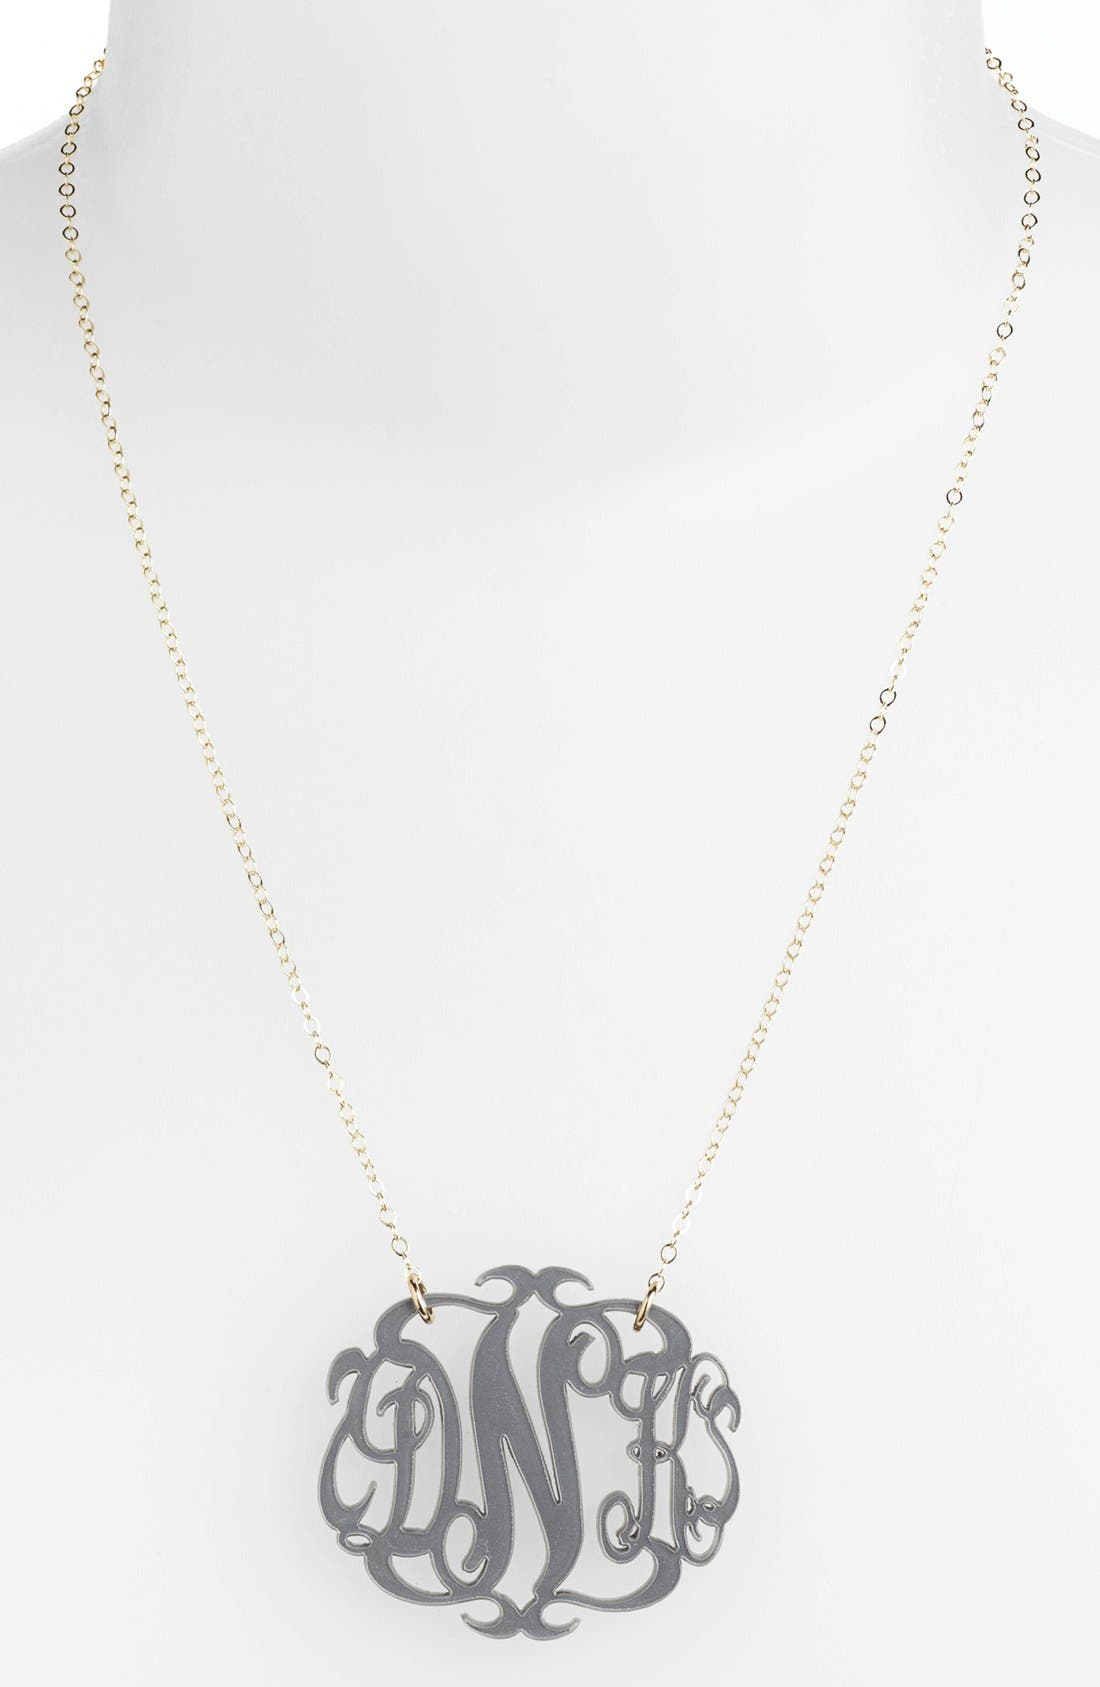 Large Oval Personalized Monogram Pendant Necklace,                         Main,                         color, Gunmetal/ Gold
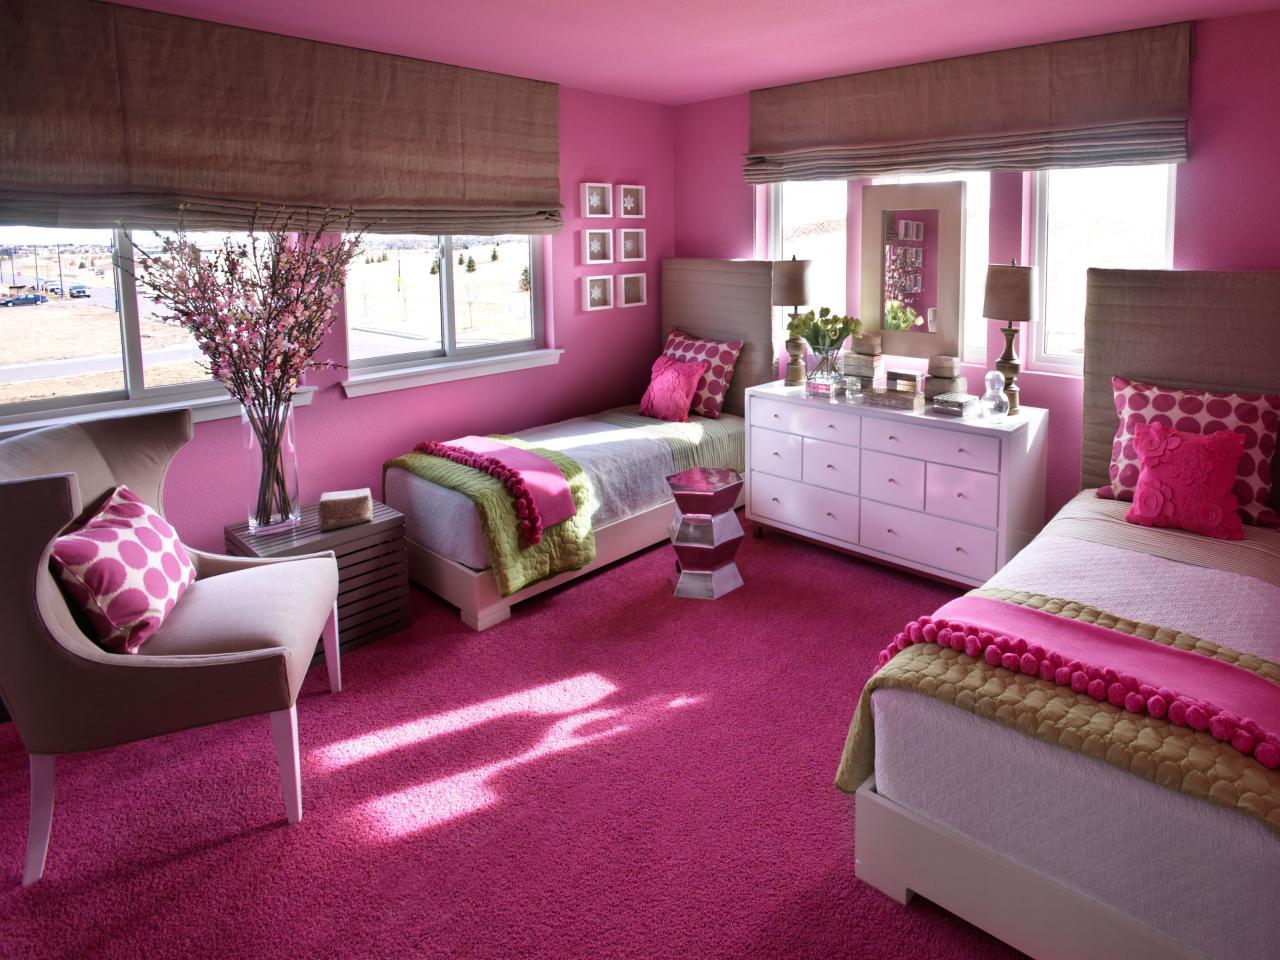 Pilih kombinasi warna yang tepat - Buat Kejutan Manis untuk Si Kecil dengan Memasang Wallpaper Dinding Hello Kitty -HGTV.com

--

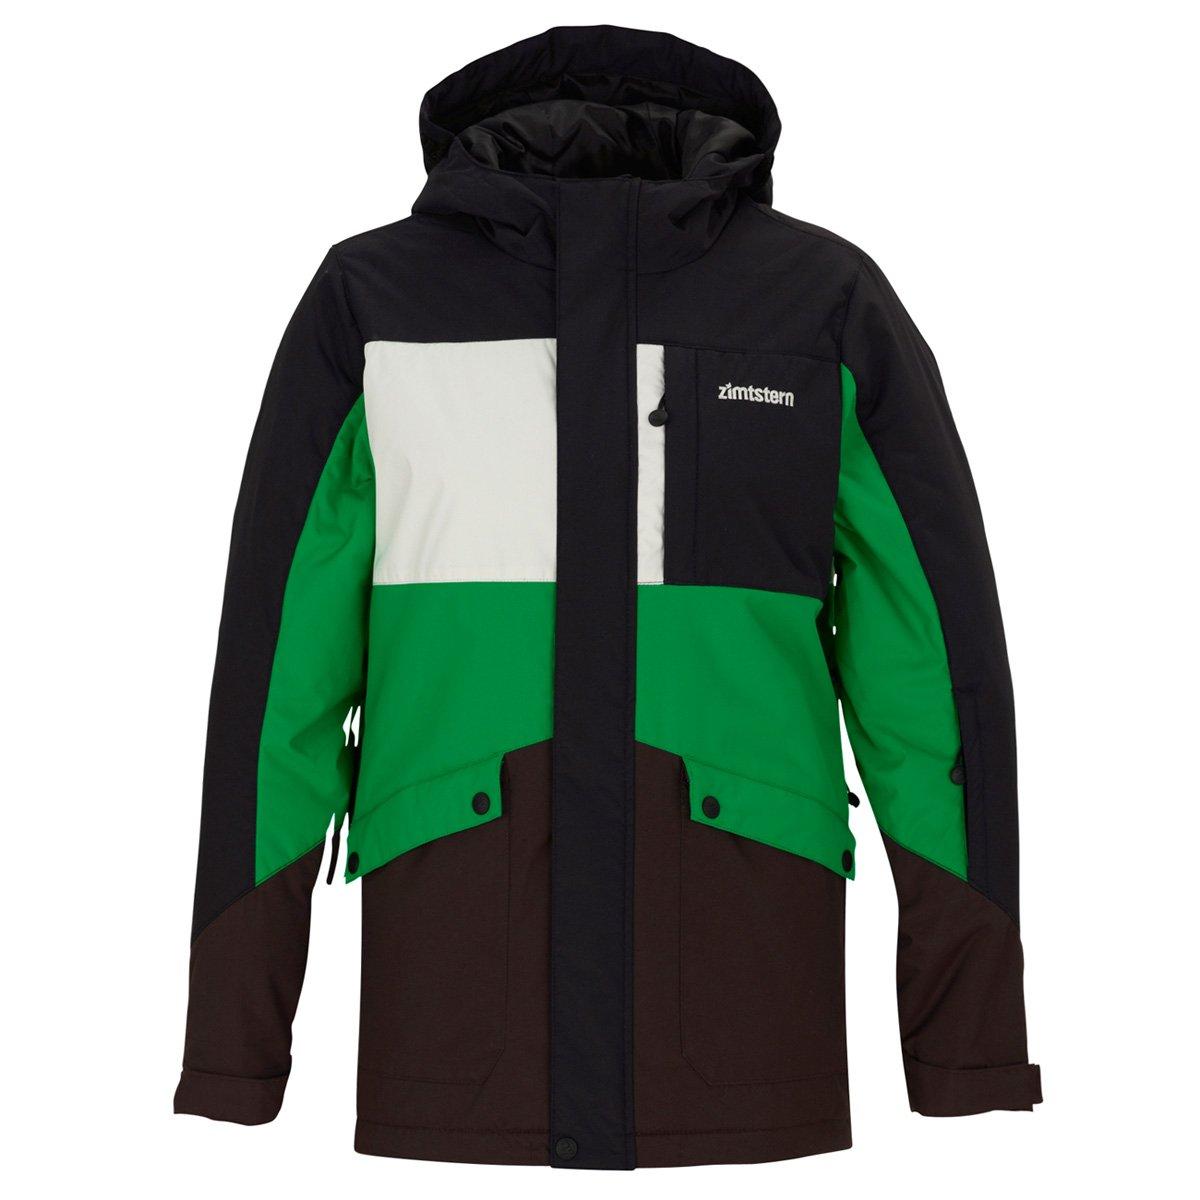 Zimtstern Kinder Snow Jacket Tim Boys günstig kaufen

**Goal of the exercise:**
Your answer must be everything above from the line with "Large Oval Personalized" down to the line with "Pilih kombinasi warna", word for word, and no pictures.

**Expected answer:**
 Large Oval Personalized Monogram Pendant Necklace,                         Main,                         color, Gunmetal/ Gold
 Pilih kombinasi warna yang tepat - Buat Kejutan Manis untuk Si Kecil dengan Memasang Wallpaper Dinding Hello Kitty -HGTV.com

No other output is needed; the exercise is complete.